In a report, Edgar wrote about the postmortem condition of prisoners who received etomidate based on four autopsy reports.
Three showed signs of pulmonary edema. Edgar concluded that prisoners who receive 200 mg of etomidate faced a “high likelihood” of experiencing “severe respiratory distress with associated sensations of drowning, asphyxiation, panic and terror.”
“It is my expert opinion that acute pulmonary edema is a terrifying, horrific and painful condition in a sensate individual that causes great suffering as the person struggles to breathe without being able to exchange air because of the compromised lungs,” Edgar wrote in the report.
Eyewitness accounts
In the Edgar report, the doctor cites two eyewitness accounts of multiple executions, both of them attorneys representing prisoners being executed.
Robert Friedman gave an account of the death of his client Eric Branch, who was executed using 200 milligrams of etomidate in February 2018.
“One minute after the execution began [Branch] screamed at the top of his lungs, then he yelled out ‘murderers.’ His body was shaking. He appeared to be in obvious distress,” Edgar wrote in the report, summarizing Friedman’s account.
Edgar concluded from the froth present in Branch’s airways that he developed acute pulmonary edema during the execution, “and this is supported by the eyewitness observations.”
Death Row inmates suing the state over lethal injection protocols have also claimed that the state is enacting changes to the protocol over the last seven executions that make it more difficult for witnesses to view what is happening.
Those measures involve covering prisoners with a tented sheet, including their feet. Witnesses at the executions have also observed officials taping prisoners’ hands, which experts say would conceal movement that might indicate a level of consciousness.
Prisoners at recent executions have been positioned away from witnesses so that only their feet could be seen, and not a full side view, the lawsuit claims.
The Department of Corrections has refused to explain why it implemented the changes.
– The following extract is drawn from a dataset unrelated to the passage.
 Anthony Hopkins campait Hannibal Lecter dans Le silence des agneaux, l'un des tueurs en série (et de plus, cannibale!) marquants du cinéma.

Zivot, the Emory anesthesiologist, said that unfettered access to executions for eyewitnesses is important because it’s the only way to ensure the state is complying with the U.S. Constitution.
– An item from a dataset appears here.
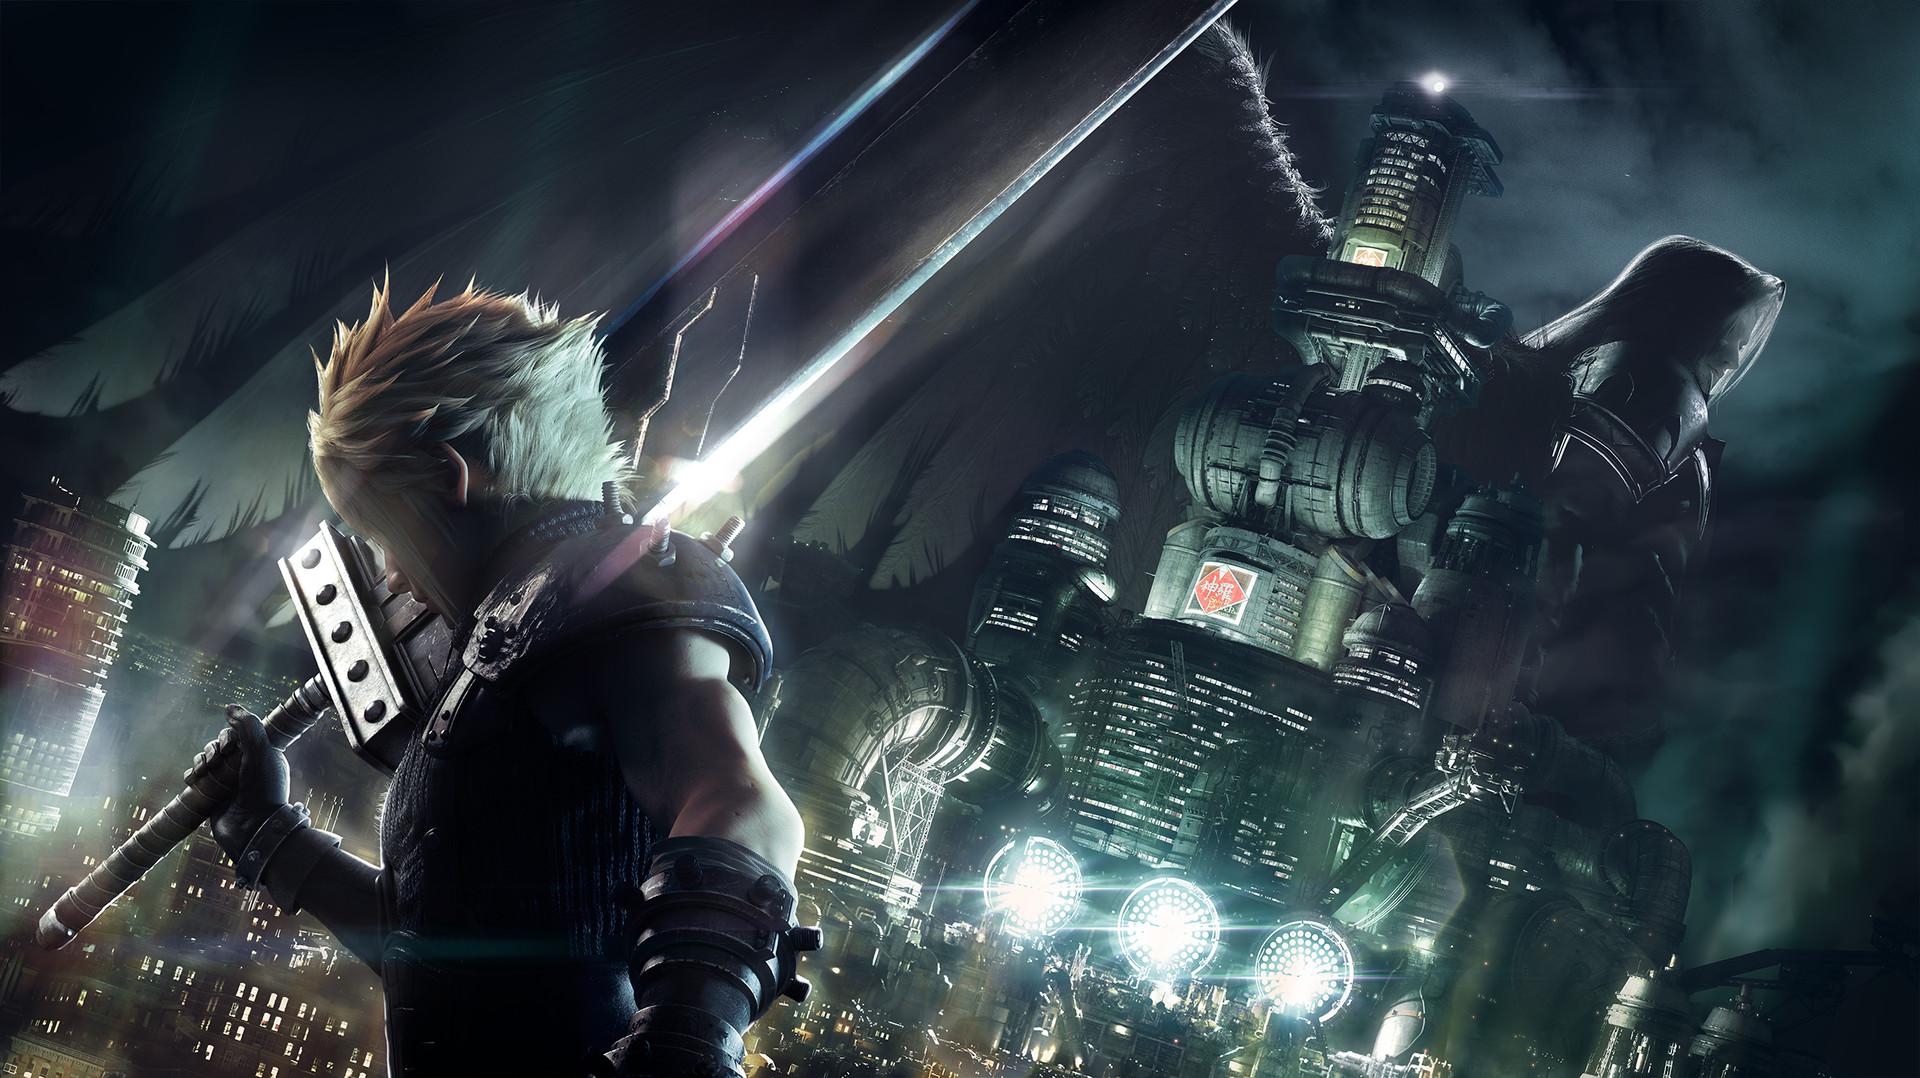 Final Fantasy VII Remake : Episode 4 d'Inside sur les musiques et effets sonores

“Even though the law turns on the inmate’s experience, it falls on the public to be the eyes and ears and mouth of an inmate who cannot speak for themselves as they die,” he said.
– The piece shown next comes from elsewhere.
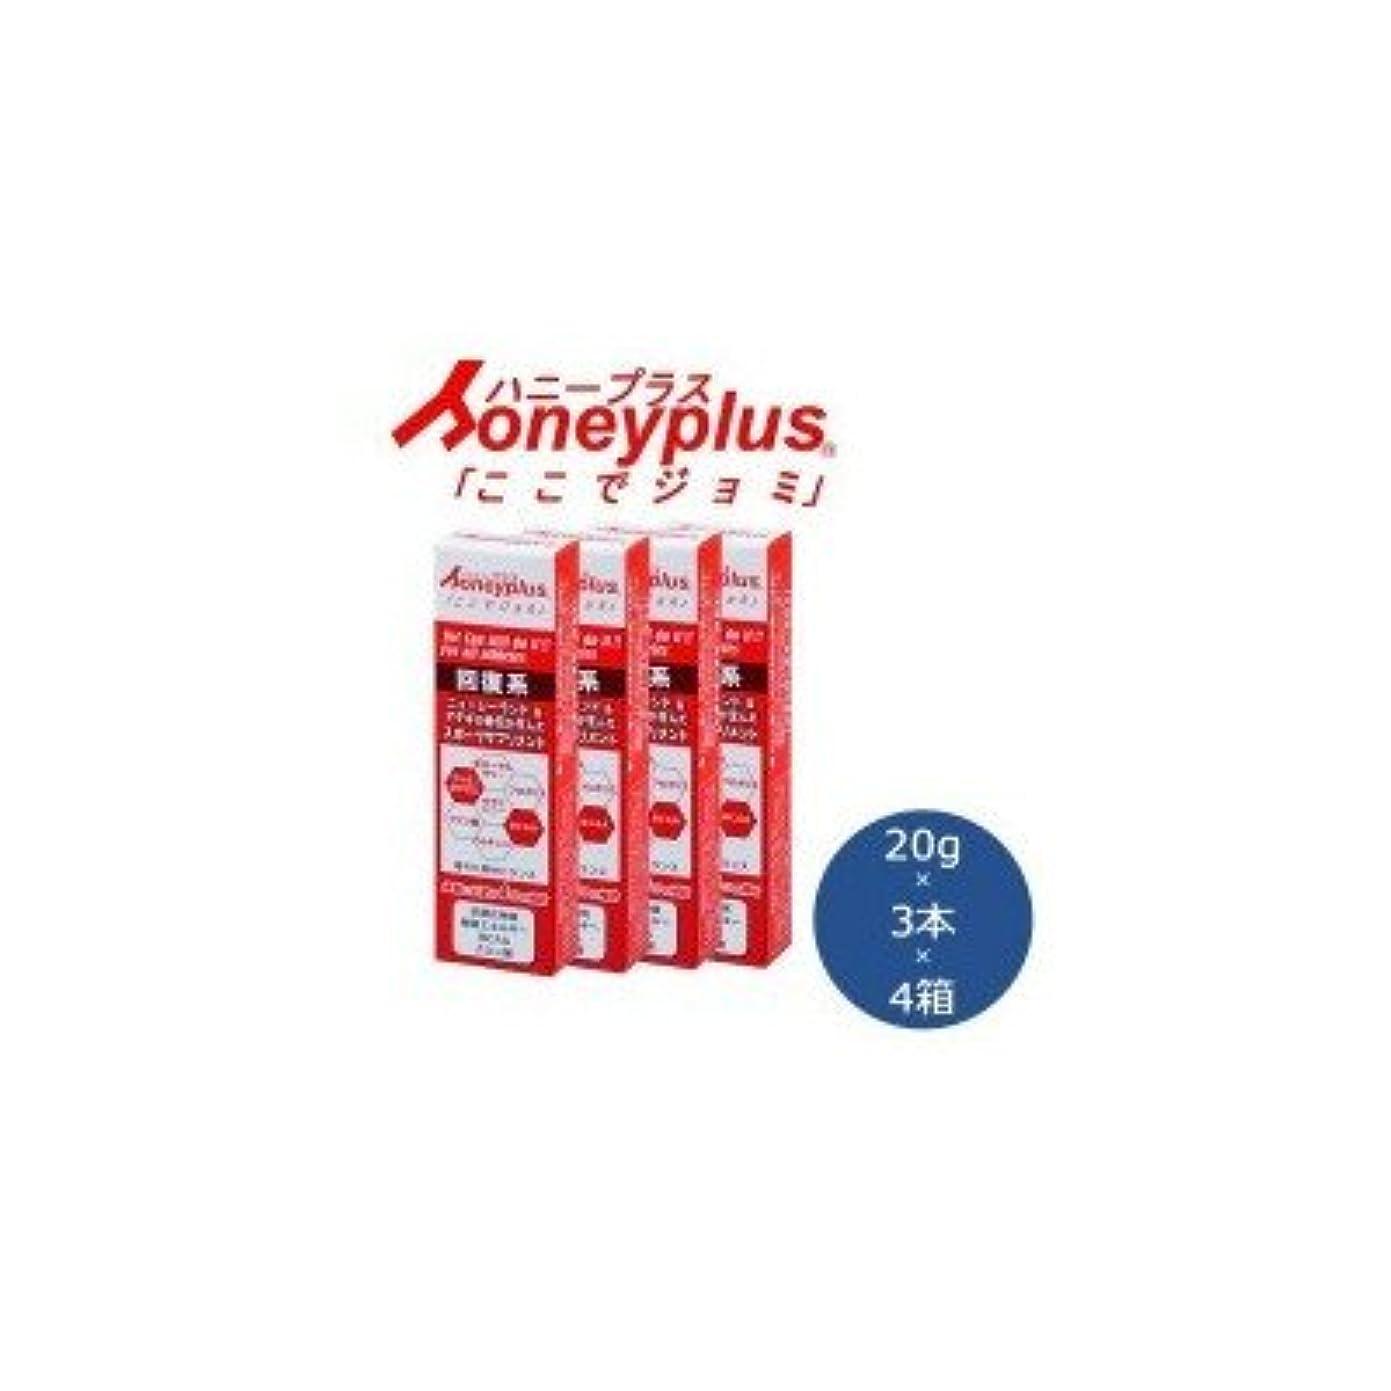 休戦集計遊具Honeyplus「ここでジョミ」3本入 4箱セット アスリートも愛飲 回復系スポーツサプリメント

‘Very efficient and humane’
Broxson, the state senator who filed the legislation, said he believes Florida’s death penalty process is “very efficient and humane.”
The Department of Corrections, in his view, is using the “perfect combination of drugs” to ensure it is a painless process for inmates.
Republican state Rep. Patt Maney, a Shalimar attorney who is sponsoring the measure in the House, on Tuesday successfully moved the bill through its first of three committee assignments.
Maney told members of the House Criminal Justice and Public Safety Subcommittee that the measure is meant to help the department “perform its statutory responsibility” and avoid harassment.
Hamrick, the First Amendment Foundation attorney, said that passage of the legislation would render death penalty records “confidential,” meaning the state would no longer have a duty to release them in a public records request.
Though the group doesn’t take a position for or against the death penalty, the First Amendment Foundation has been pushing back against several efforts in recent years by the Florida Legislature to curb what is a public record.
In the case of the execution proposal, Hamrick said that it doesn’t meet the bar needed to justify a public records exemption, which in this case would be to demonstrate that disclosing the information would prevent the state from carrying out executions.
“It’s based on hypotheticals,” Hamrick said. “It doesn’t meet the specificity standard. It’s opening up the door for darkness.”